В это вечернее время было очень душно, начиналась гроза, и в комнате стало невыносимо жарко. Элеана сняла кофточку, чтобы не мять ее, и растянулась на кровати в бюстгальтере и юбке.
— А в твоей истории будет женщина?
— Гм!
— Я?
— Нет, — покачал головой Коннорс. — Один раз уже были неприятности. Издатели и литературное бюро разорились и теперь боятся сексуальных историй. Можно ввести женщину в историю, это даже обязательно. И это должна быть самая замечательная женщина, какая только появлялась на страницах книг. Заставьте ее жевать табак или сломайте ей ногу — никто ничего не скажет! Зарежьте или отравите ее — пойдет! Пусть ее разорвут на части — тоже подойдет. Заприте ее на тридцать дней и ночей вместе со сбежавшим преступником, который в течение двадцати двух лет не видел женщины — это тоже сойдет! Но не может быть и речи о том, чтобы эта горилле забылась и тронула ее. Позволить ему думать о плохих вендах — совершенно запрещено. — Коннорс перевел дух. — Может, в награду ему позволят на расстоянии разглядывать молодую девушку, но она не должна даже подозревать об этом, она не может даже знать, о чем он думает. Женщина на страницах книги все еще должна продолжать думать, что родилась в розе, и недоумевать, почему вся публика смеется, когда маленький мальчик, глядя на то, как новобрачный целует новобрачную, спрашивает: — Мама, он что, опыляет ее?

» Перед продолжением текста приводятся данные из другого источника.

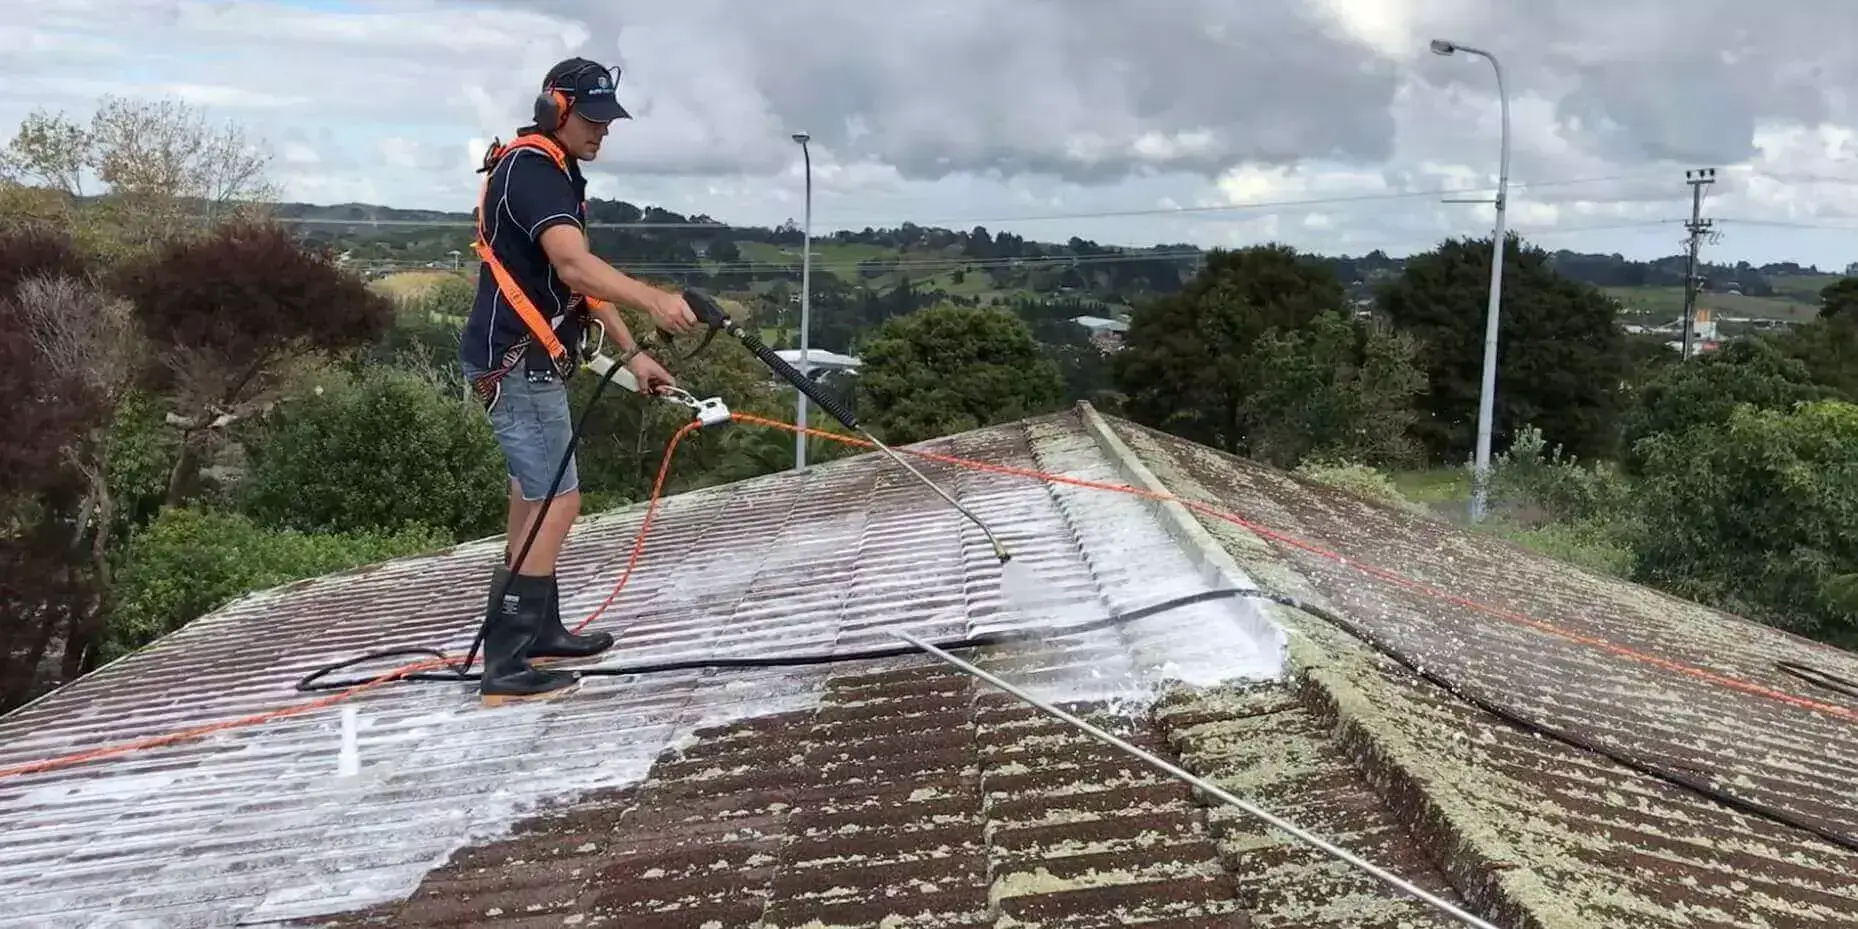 A Man Cleaning Roof Using High Water Pressure Image

Элеана смеялась до слез. Ей пришлось встать и выпить стакан воды. Коннорс вынул из машинки готовый титульный лист, вложил чистую бумагу я начал печатать.
«Билли Браун, крепко сложен, ссыльный, работает на нефтяных месторождениях, бывший директор цирка, убил мужа своей любовницы, с которой удрал в Мексику двадцать лет назад. Бросил жену и маленькую дочку. Посылает на содержание дочери ежемесячно пятьдесят долларов».
«Кончите. Бывшая танцовщице на канате, немного отяжелевшая в тридцать девять лет, но все еще красивая женщина».
«Сабинес. Адвокат из Мехико, через которого Билли Браун посылает деньги на содержание дочери в течение двадцати лет…»
Коннорс остановился. Убивая адвоката Санчеса, отец Элеаны должен был учесть, что ставит свою дочь в опасное положение. Ему нужно было основательно заткнуть рот Санчесу. Но тем не менее, как считал Коннорс, человек такого склада мог бы как-нибудь иначе исполнять свои родительские обязанности. С другой стороны, некто, уже совершивший тяжкое преступление, не позволит себе поддаваться каким-то нежностям.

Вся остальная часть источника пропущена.